Obwohl die EU-Kommission im Oktober erneut bestätigt hat, dass der Kosovo alle Bedingungen für eine visumfreie Einreise erfüllt, brauchen die Bürgerinnen und Bürger von Kosovo nach wie vor eins. Journalist Enver Robelli sagt, wie das Land damit umgeht.
SRF News: Kosovo ist das einzige Land in Europa, für das noch eine Visumpflicht zur Einreise in die EU besteht. Wie kommt das im Land an?
Enver Robelli: Man fühlt sich ungerecht behandelt. Der Visumszwang wurde zu Beginn der 90er-Jahre eingeführt, vor fast 30 Jahren, als der Zerfall Jugoslawiens begann. Dann wurden dem Land in einem schikanösen Prozess ständig neue Bedingungen auferlegt. Die Leute sind frustriert, dass einzelne Staaten wie Frankreich die Aufhebung der Visumspflicht blockieren. Mit Ausnahme Russlands und Weissrussland ist Kosovo das einzige Land in Europa, dessen Bürger noch keine Reisefreiheit in den Schengenraum geniessen.
Die Leute werden weiterhin vor den Botschaften Schlange stehen, auch vor der Schweizer Botschaft in Pristina, um ein Visum zu beantragen.
Vorerst bleibt die Visumspflicht bestehen. Was bedeutet das für die Kosovarinnen und Kosovaren?
Die Leute werden weiterhin vor den Botschaften Schlange stehen, auch vor der Schweizer Botschaft in Pristina, um ein Visum zu beantragen. Gleichzeitig verliert die EU an Glaubwürdigkeit in der Region. Allein in den vergangenen 20 Jahren haben die Bürger Kosovos 180 Millionen Euro für Visagebühren ausgegeben. Das sind fast 10 Prozent des Jahreshaushalts von Kosovo.
Die Visumfreiheit braucht Einstimmigkeit im Europäischen Rat. Warum ist es Kosovo bis jetzt nicht gelungen, alle Mitglieder auf seine Seite zu ziehen?
Einige Staaten wie Frankreich, die Niederlande oder Dänemark blockieren die Visaliberalisierung rein aus politischen Gründen. Die regierenden Politiker in diesen Staaten haben Angst vor rechten oder rechtsextremistischen Parteien, die das Thema Migration populistisch ausschlachten. Kosovo hat in den letzten Jahren alle Bedingungen erfüllt, und das wird immer wieder auch von der EU-Kommission bestätigt und bescheinigt.
Frankreichs Präsident Emmanuel Macron steht einer EU-Erweiterung und einer besseren Integration der Balkanstaaten Europa sehr skeptisch gegenüber.
Warum sind denn die Beziehungen zwischen Frankreich und Kosovo so angespannt?
Angespannt sind die Beziehungen Frankreichs zu allen Balkanstaaten. Frankreichs Präsident Emmanuel Macron steht einer EU-Erweiterung und einer besseren Integration der Balkanstaaten Europa sehr skeptisch gegenüber. Er fordert zunächst eine Reform der EU-Institutionen, um die EU vielleicht eines Tages aufnahmefähig für andere Staaten zu machen.

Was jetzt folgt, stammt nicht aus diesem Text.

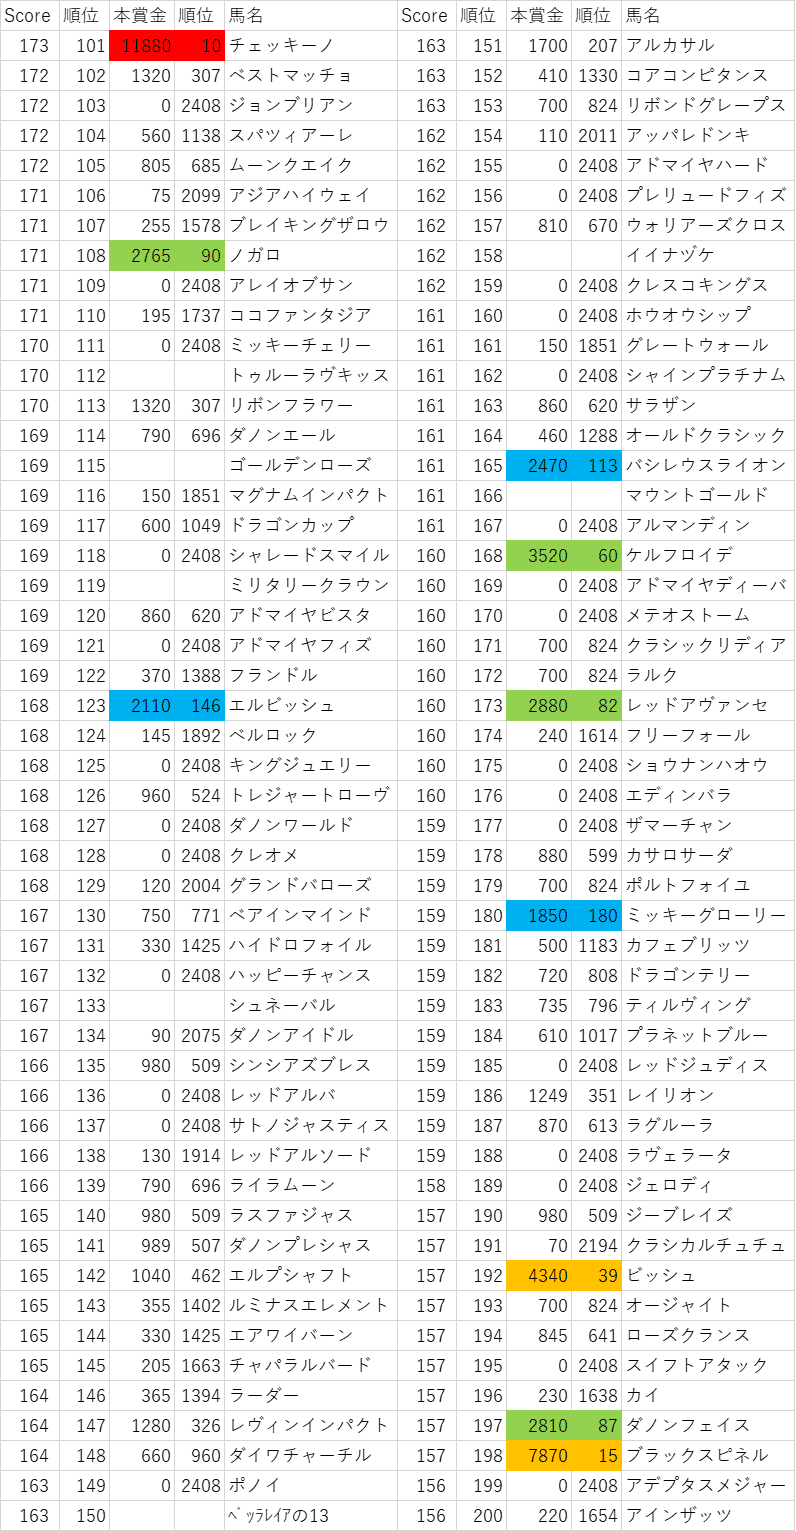 2013年産駒スコア101~200位

Frankreich befürchtet eine neue Migrationswelle, falls diese Visumfreiheit eingeführt wird. Für wie realistisch halten Sie so eine Entwicklung?

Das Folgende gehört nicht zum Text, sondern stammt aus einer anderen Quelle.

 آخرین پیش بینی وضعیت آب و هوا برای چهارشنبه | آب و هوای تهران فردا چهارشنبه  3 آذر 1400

Es wird sicher Leute geben, die versuchen werden, mit einem Schengen-Visum dauerhaft in Europa Fuss zu fassen.
Die Ängste, dass es zu einer Fluchtwelle aus Kosovo kommen könnte, sind unbegründet.
Doch Kosovo hat sich wie alle Staaten der Region dazu verpflichtet, Missbrauch zu bekämpfen und eigene Staatsbürger wieder aufzunehmen, wenn sie die Aufenthaltsregeln nicht respektieren. Ich glaube, die Ängste, dass es zu einer Fluchtwelle aus Kosovo kommen könnte, sind unbegründet.
Am Donnerstag war EU-Präsidentin Ursula von der Leyen zu Besuch in der Hauptstadt Pristina und betonte, dass Kosovo die Visumfreiheit erhalten soll. Ist das ein Hoffnungsschimmer?
Das hat Kosovo gerne gehört. Aber viele Menschen haben mittlerweile wirklich die Hoffnung verloren und auch einen Sinn für schwarzen Humor entwickelt. Man fühlt sich ein wenig wie im Theaterstück «Warten auf Godot».
Das Gespräch führte Nicolas Malzacher.